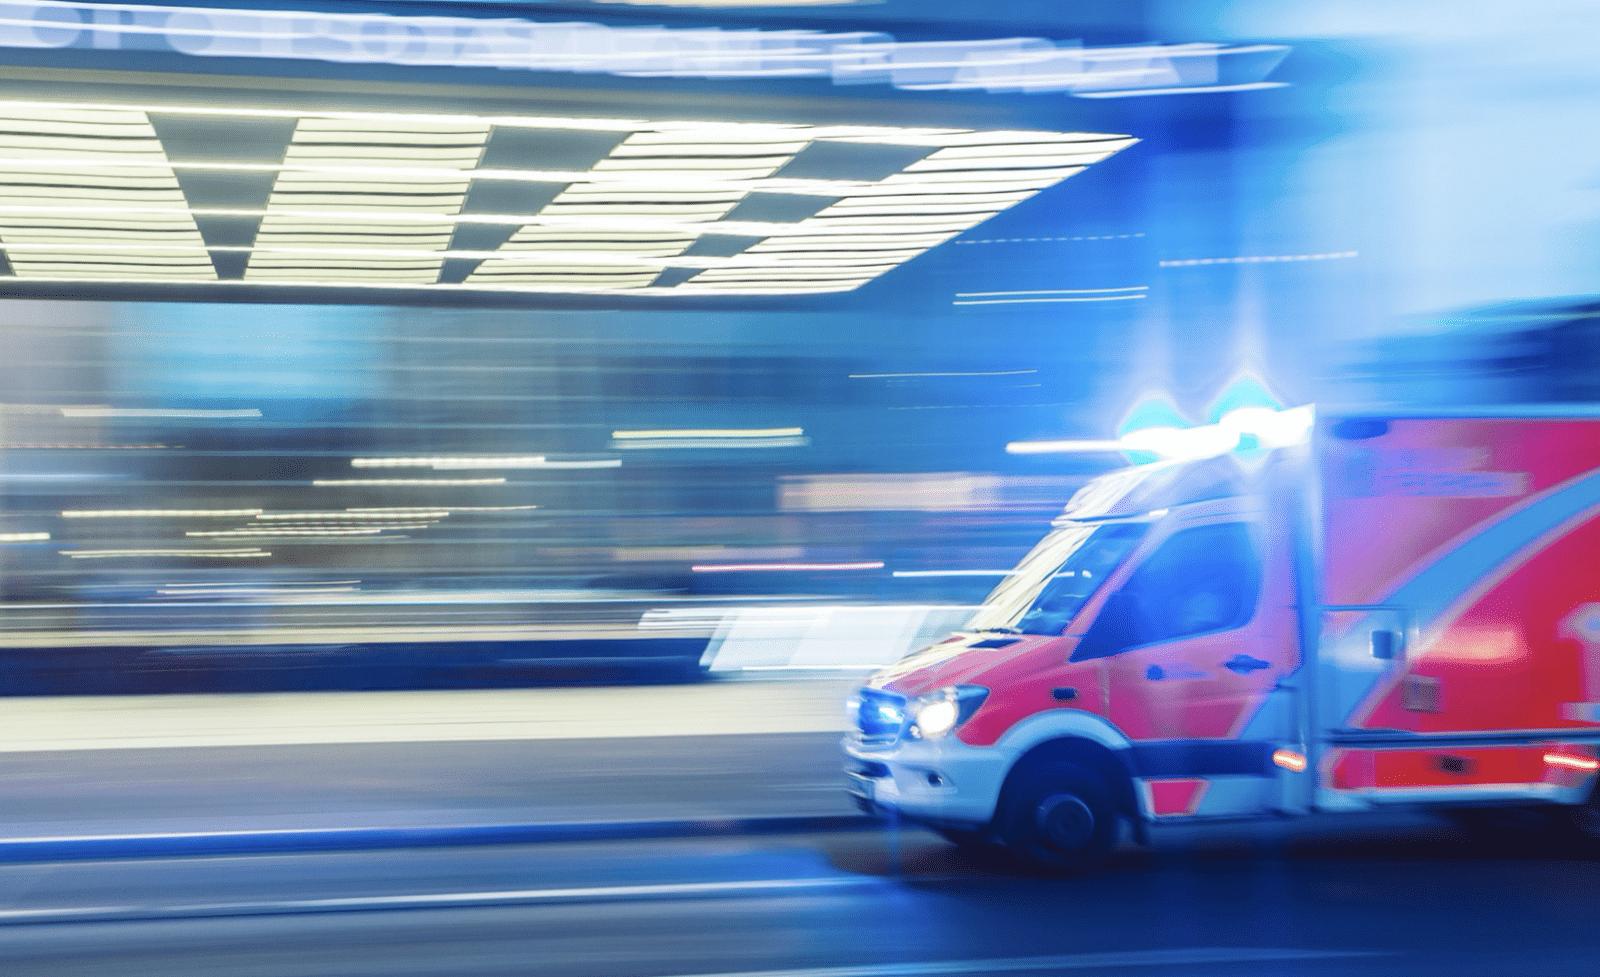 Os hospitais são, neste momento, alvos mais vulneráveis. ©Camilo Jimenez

------------------------------

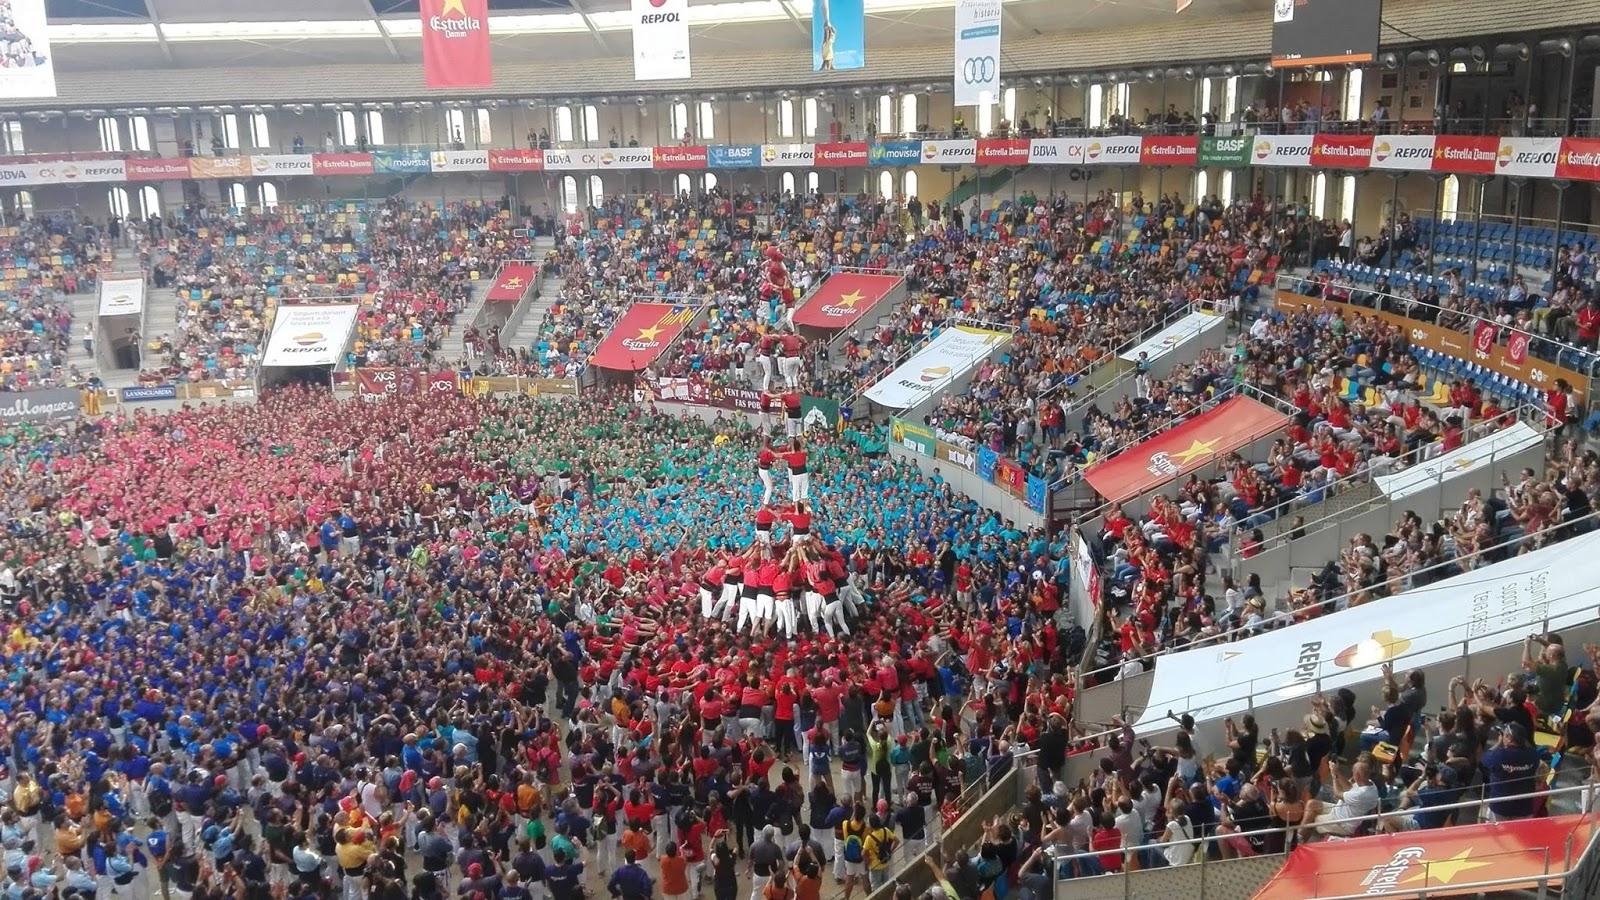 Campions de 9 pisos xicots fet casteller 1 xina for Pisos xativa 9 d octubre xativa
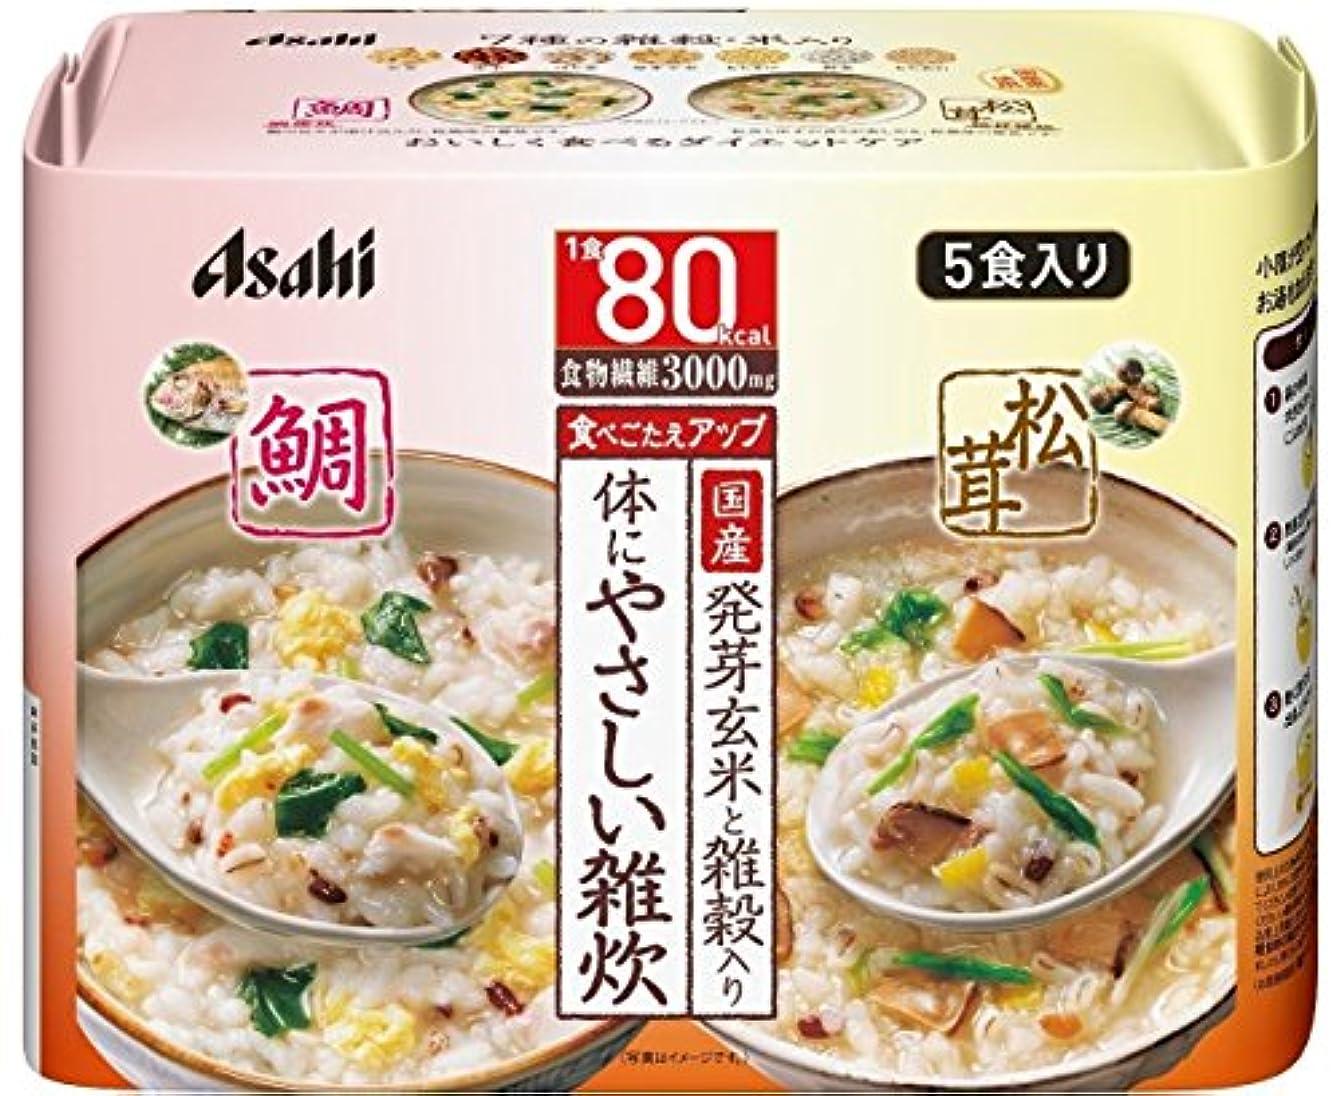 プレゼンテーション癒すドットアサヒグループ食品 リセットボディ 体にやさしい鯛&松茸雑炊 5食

------------------------------

A clean copy is needed of the lines in the listing above from the one with "Campions de 9" through the one with "プレゼンテーション癒すドットアサヒグループ食品 リセットボディ 体にやさしい鯛&松茸雑炊", exact in every word and free of pictures.

ANSWER BELOW =>
 Campions de 9 pisos xicots fet casteller 1 xina for Pisos xativa 9 d octubre xativa
 プレゼンテーション癒すドットアサヒグループ食品 リセットボディ 体にやさしい鯛&松茸雑炊 5食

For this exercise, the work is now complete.